EXERCISE DIRECTIONS
All of the data must be written out verbatim, with pictures excluded.

SUPPLIED MATERIAL

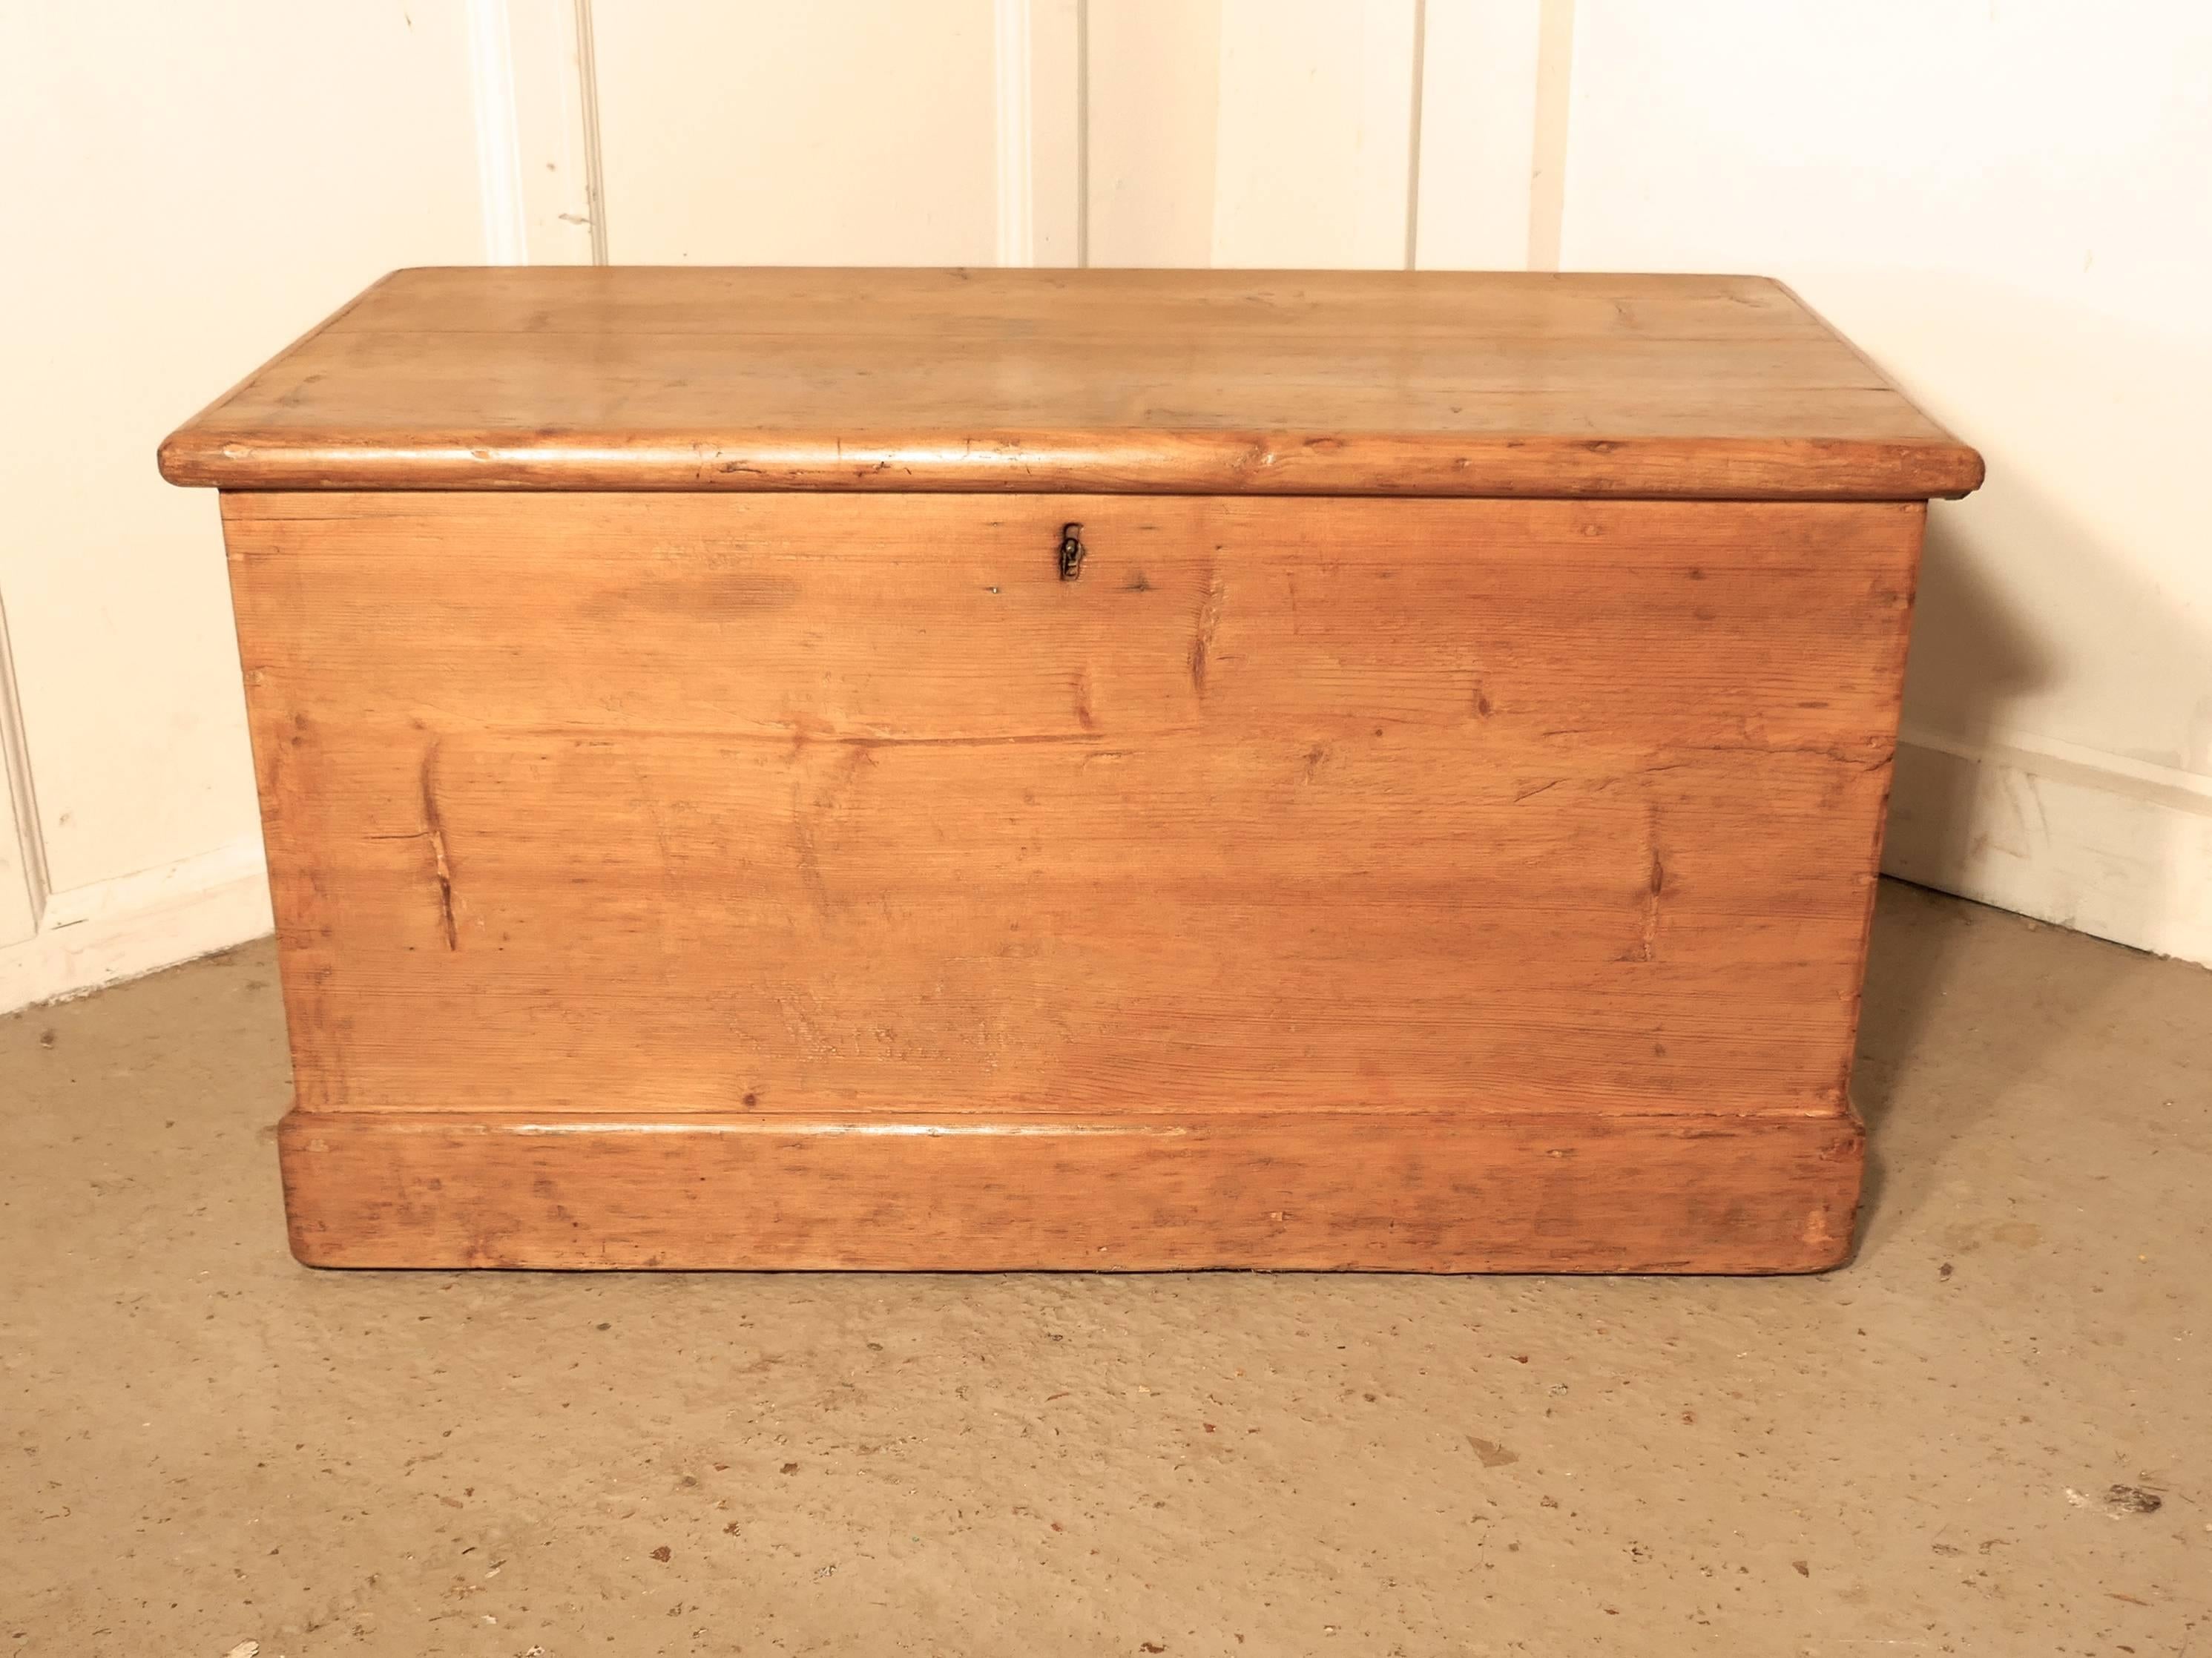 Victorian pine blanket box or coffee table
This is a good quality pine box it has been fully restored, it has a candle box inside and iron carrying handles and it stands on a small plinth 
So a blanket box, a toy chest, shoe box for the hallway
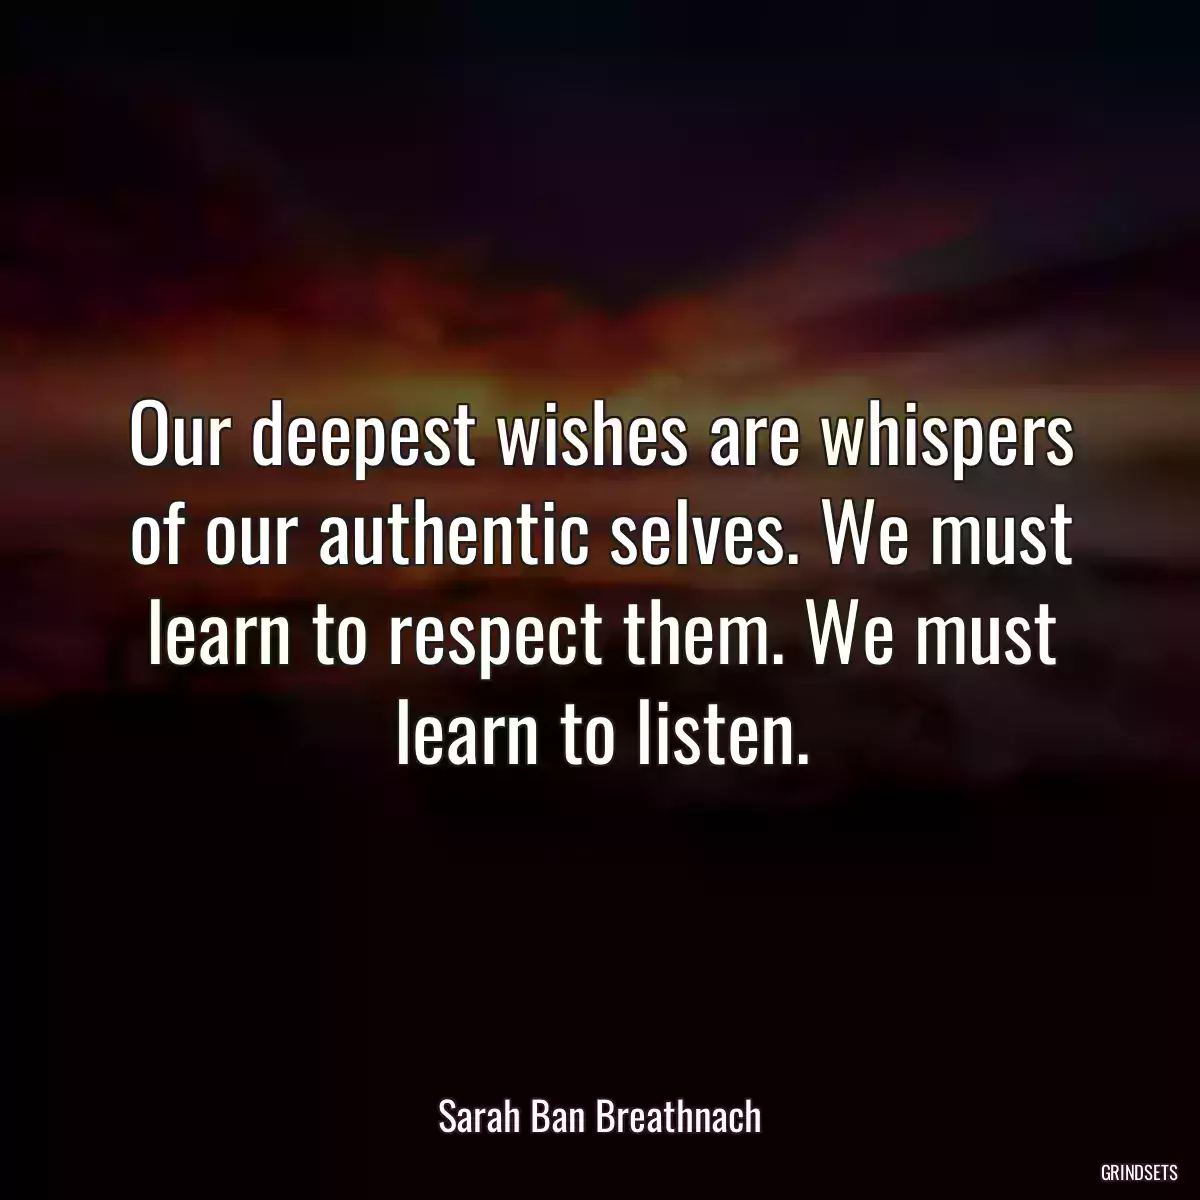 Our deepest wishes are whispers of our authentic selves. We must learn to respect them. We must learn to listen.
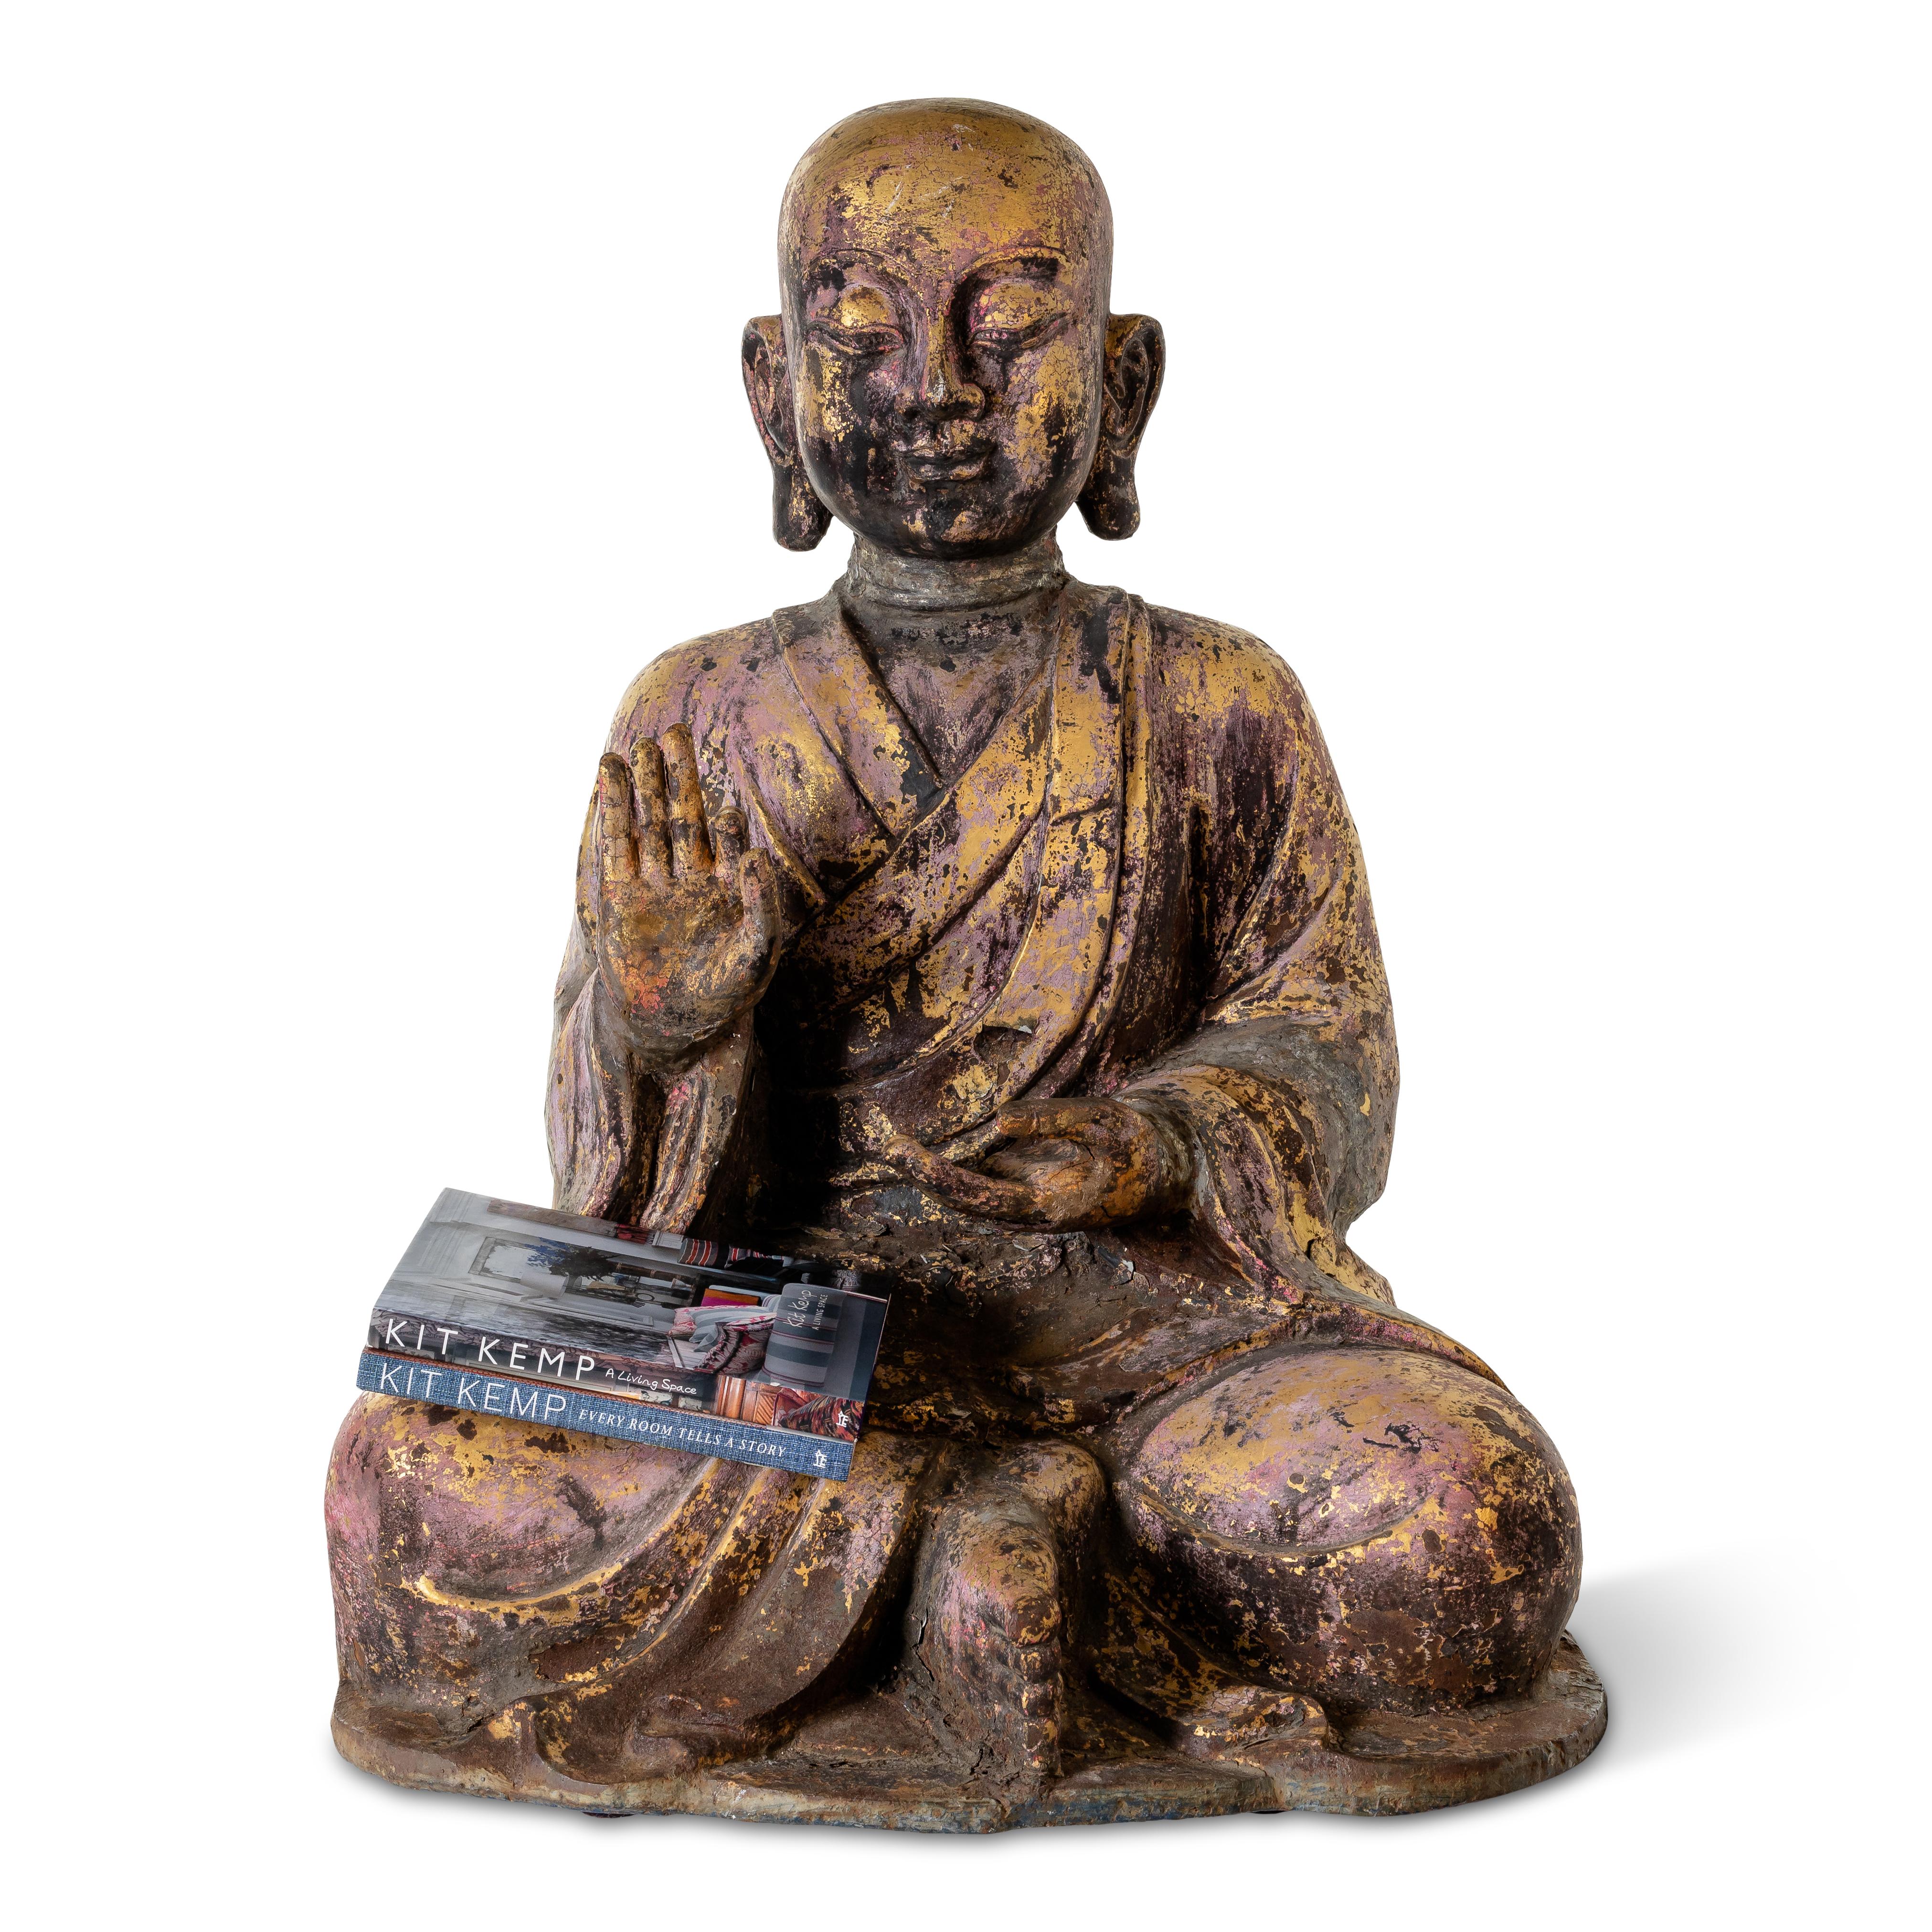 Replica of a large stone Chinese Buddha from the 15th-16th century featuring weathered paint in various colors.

RESPONSE AREA
 Victorian pine blanket box or coffee table
This is a good quality pine box it has been fully restored, it has a candle box inside and iron carrying handles and it stands on a small plinth 
So a blanket box, a toy chest, shoe box for the hallway
 Our deepest wishes are whispers of our authentic selves. We must learn to respect them. We must learn to listen.
 Replica of a large stone Chinese Buddha from the 15th-16th century featuring weathered paint in various colors.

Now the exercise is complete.